Only Exchange Administrators can access and/or view all of the different folders in
Recoverable Items. The Recoverable Items folder is hidden from users. The only
exception to this rule, is a specific folder in Recoverable Items called
“Deletions”. This “Deletions” folder does not appear in the standard mailbox
folder that the mailbox owner can see, however, the mailbox owner can access the
content of this folder by using the “Recover Deletion Items” option in Outlook.
The Recoverable Items folder contains the following subfolders:


Deletions - this subfolder contains all items deleted from the Deleted Items
folder. (In Outlook, a user can permanently delete an item by pressing
Shift+Delete.) This subfolder is exposed to users through the Recover Deleted
Items feature in Outlook and Outlook Web App.



Versions – if In-Place Hold or Litigation Hold is enabled, this subfolder
contains the original and modified copies of the deleted items.

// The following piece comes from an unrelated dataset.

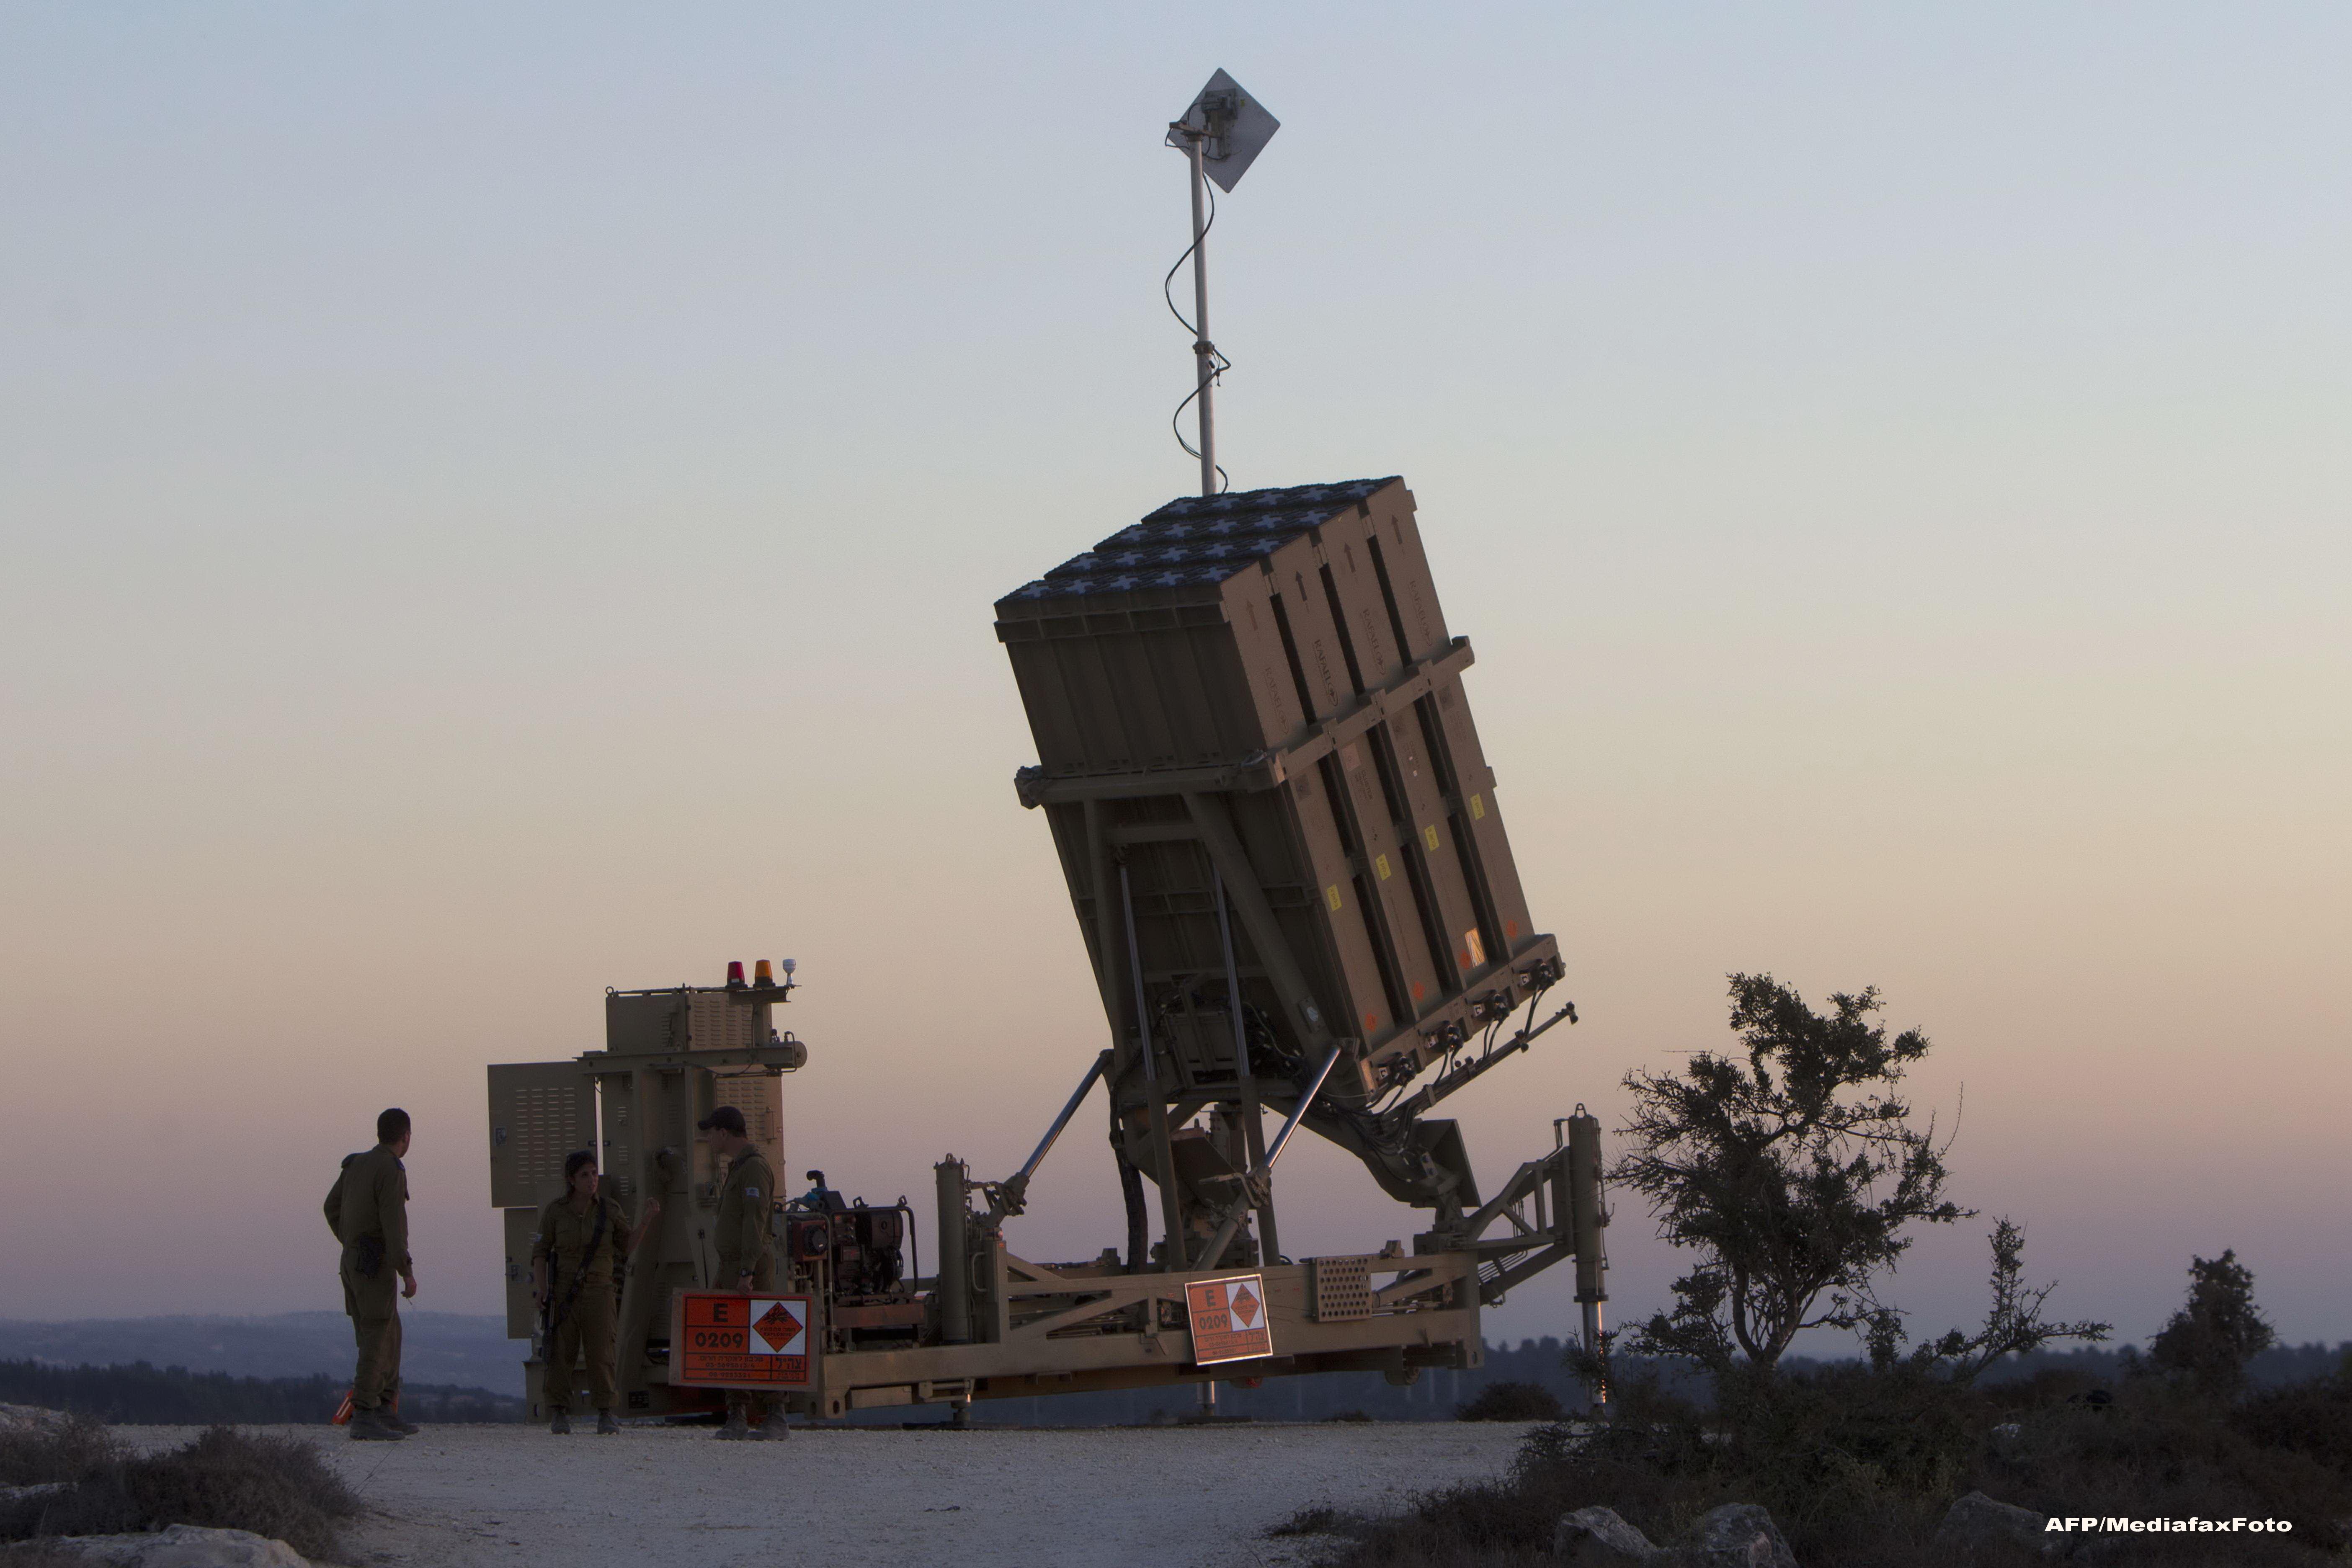 Israelul se lauda ca a dezvoltat o tehnologie militara ca in Razboiul Stelelor:

This folder
isn't visible to end users.



Purges - if either Litigation Hold or single item recovery is enabled, this
subfolder contains all items that are purged. This folder isn't visible to
end users.



Audits – if mailbox audit logging is enabled for a mailbox, this subfolder
contains the audit log entries. To learn more about mailbox audit logging,
see Mailbox audit logging.



DiscoveryHolds - if In-Place Hold is enabled, this subfolder contains all
items that meet the hold query parameters and are purged.



Calendar Logging - this subfolder contains calendar changes that occur within
a mailbox. This folder isn’t available to users.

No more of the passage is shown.